I need a smoke break bad. My fingertips itch thinking about it. It’s an early afternoon Monday shift and I’m working the twelve-items-or-less register, which sucks because it means I don’t get a bagger to help me out. Not that today’s baggers are worth a whole heck of a lot. I don’t want Darlene working my line.

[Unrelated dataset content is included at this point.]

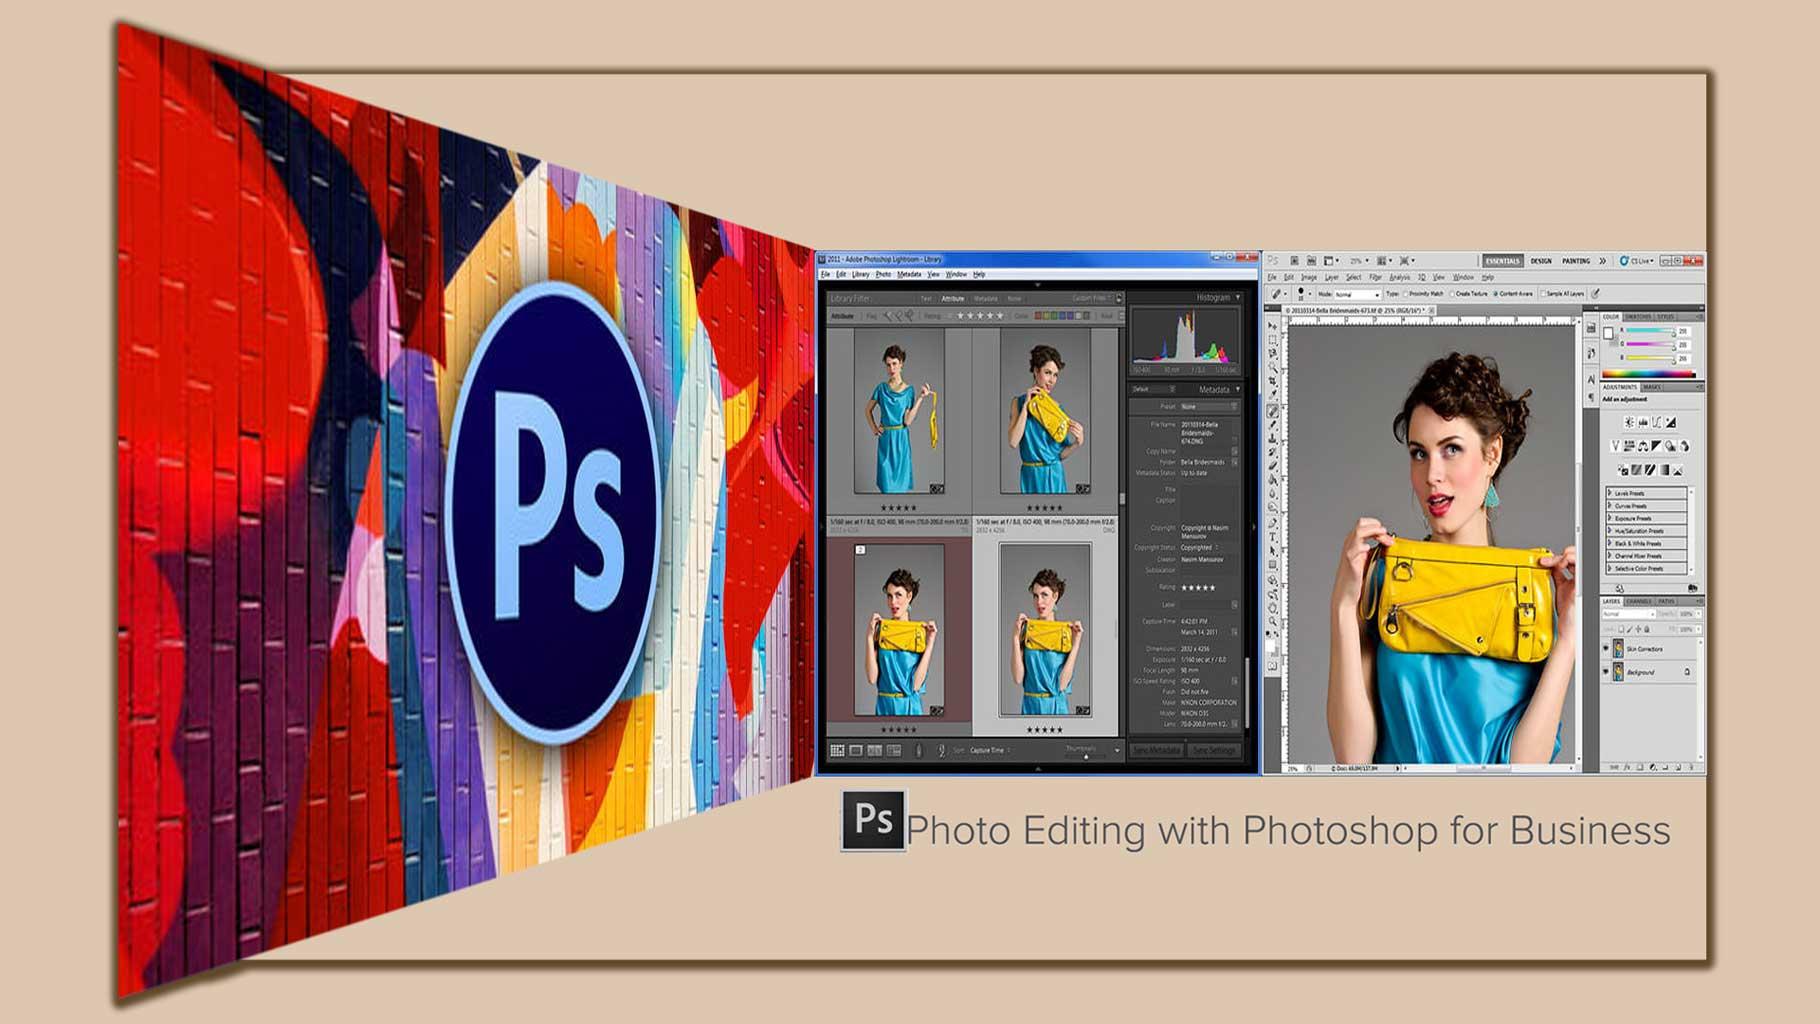 Photo editing  Photoshop 10 - 8 تا از مزایای اصلی ویرایش عکس با فتوشاپ برای کسب و کارتان

We’ve never met or anything, but Julie’s youth soccer coach, I know who he is. Brian Jenkins, a townie like me, five years older but looks five years younger, a tall and skinny school-teacher type even if he only clerks for the town DPW, wearing those hipster glasses he doesn’t need and khakis, never jeans. Always easy with the small talk with everyone in town but me. Brian isn’t paying attention to what he’s doing, lost in his own head like anyone else, and he gets in my line with his Gatorade, cereal, Nutter Butters, toothpaste, and basketful of other shit he can’t live without. Has a bag of oranges, too. He’ll cut them into wedges like those soccer coaches are supposed to. I’m not supposed to go to her games so I don’t. From across the street I’ll walk by the fields sometimes and try to pick out Julie, but it’s hard when I don’t even know what color tee shirt her team wears. When Brian sees it’s me dragging that bag of oranges over the scanner, me wondering which orange Julie will eat, sees it’s me asking if he has a Big Y rewards card, and I ask it smiling and snapping my gum, daring him to say something, anything, he can barely look me in the eye. Run out of things to say in my line, right coach?